In your letter, you want to tell your new date about your permanent but non-life-threatening STI*.  You’re just leery of the timing.  Many of us can identify; we also have Secrets, parts of our health or history we know we’d need to tell any new partner…someday.  But what day?

Unfortunately, science hasn’t specified whether it’s Date 2 or 20.   Thanks to our survey respondents and empirical help, though, here are some guidelines that should stand all of us in good stead:

No Sex…Until You Tell

Wise Respondents’ top advice to you?  Ix-nay on the ex-say until after you’ve told Mark about your STI (full survey results appear under my signature).  After all, there’s no truly safe oral, anal or vaginal sex if one has any of the incurable STI’s.

There’s just safer sex, and disclosure is key to keeping your partner safe.  So you’ll need to Woman Up and make sure Mark’s aware before you two go there.  From the concern in your letter, I have faith you’ll do the right thing for him.

Interestingly, most of our Wise Respondents had a Secret, but not a sexual Secret.  Yet they, too, used abstinence until disclosure as their #1 timing-for-telling strategy. 

And it worked:  Not one of them was dumped for disclosing their Secret, sexual or otherwise.  Why?  I suspect it might be related to their #2 advice:

No Telling…Until You Actually Know Each Other


Wise Respondents’ second-most-given advice was to hold off telling until you know Mark well, feel a connection, and/or see that this is getting serious or exclusive.
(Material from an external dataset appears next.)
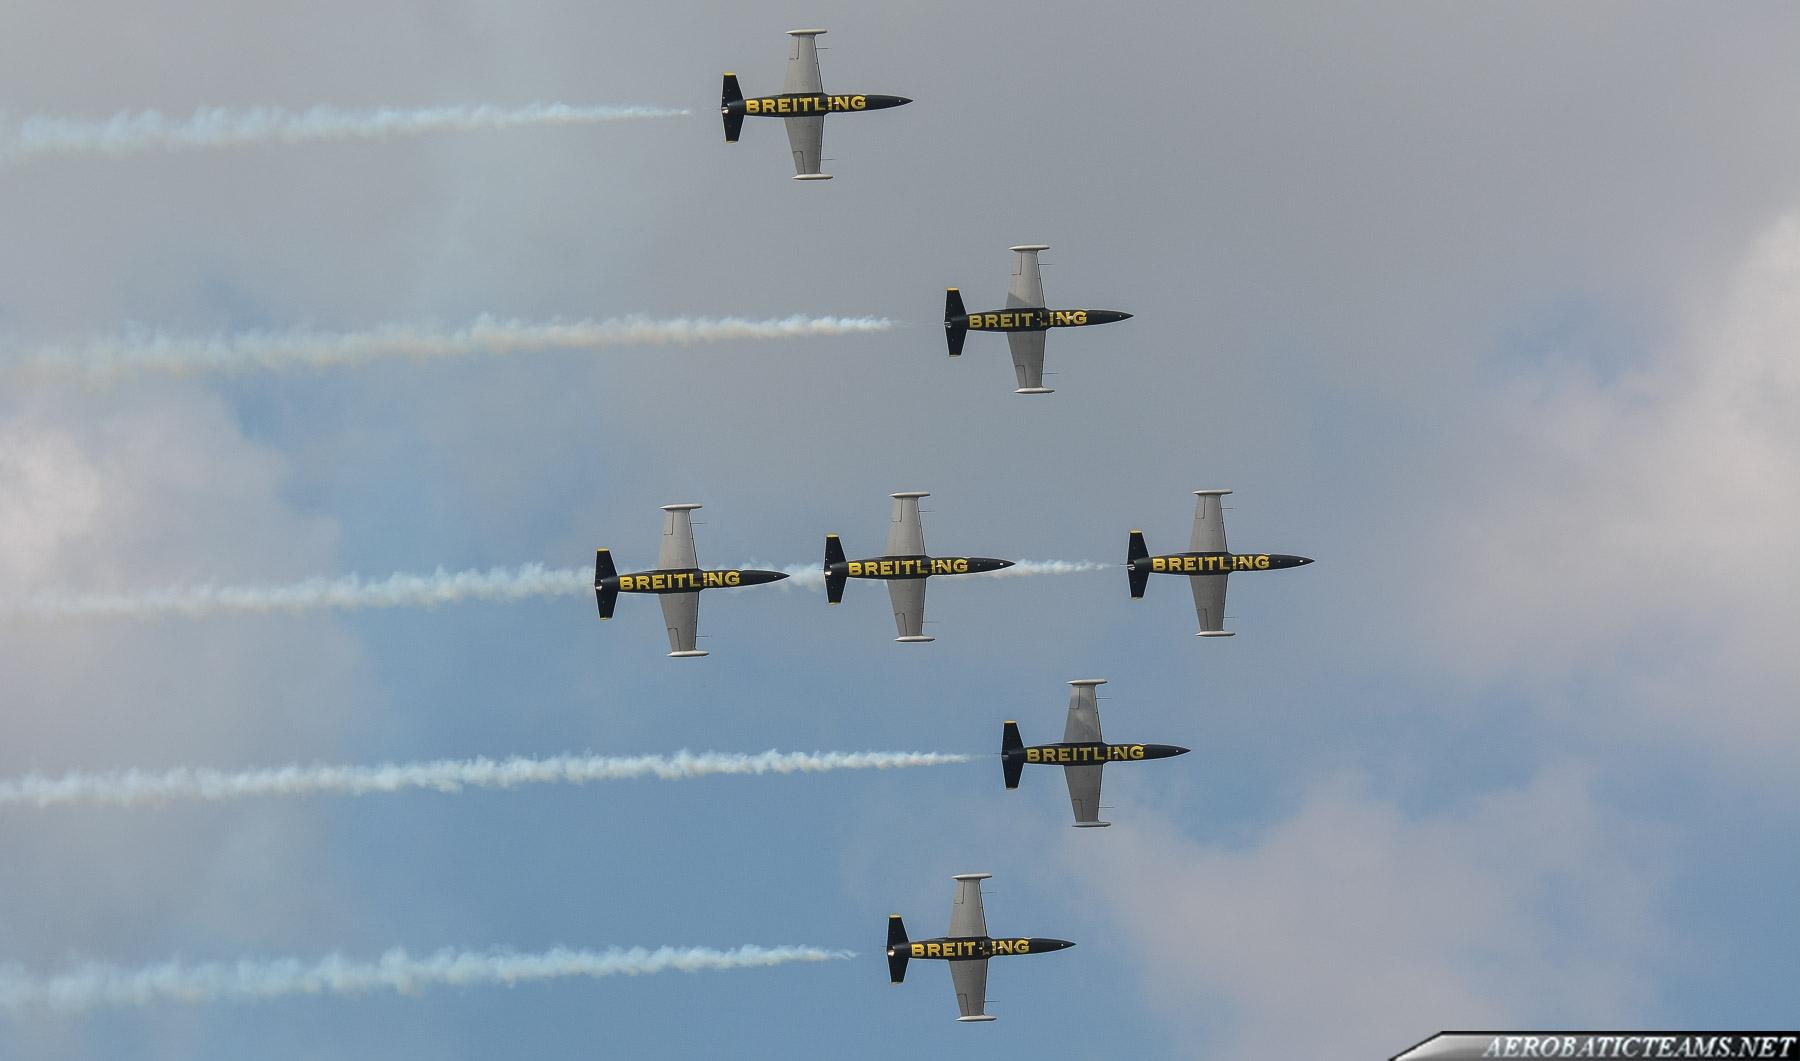 Breitling Jet Team L-39C Gallery

And I couldn’t agree more.  Timing disclosure to match the actual level of intimacy and commitment does more than protect Mark.   It protects you~and you’re worth protecting. 

—It’s about protecting your body: 

You’re not the only one with an STI:  The CDC finds that up to 1/3rd of Americans have herpes and/or HPV right now—starting at age 14.  And having one STI can open the door to other diseases.  For instance, having or contracting either form of herpes increases your odds of getting HIV too, and encountering a partner’s HPV during oral sex ups your likelihood of developing throat or mouth cancer.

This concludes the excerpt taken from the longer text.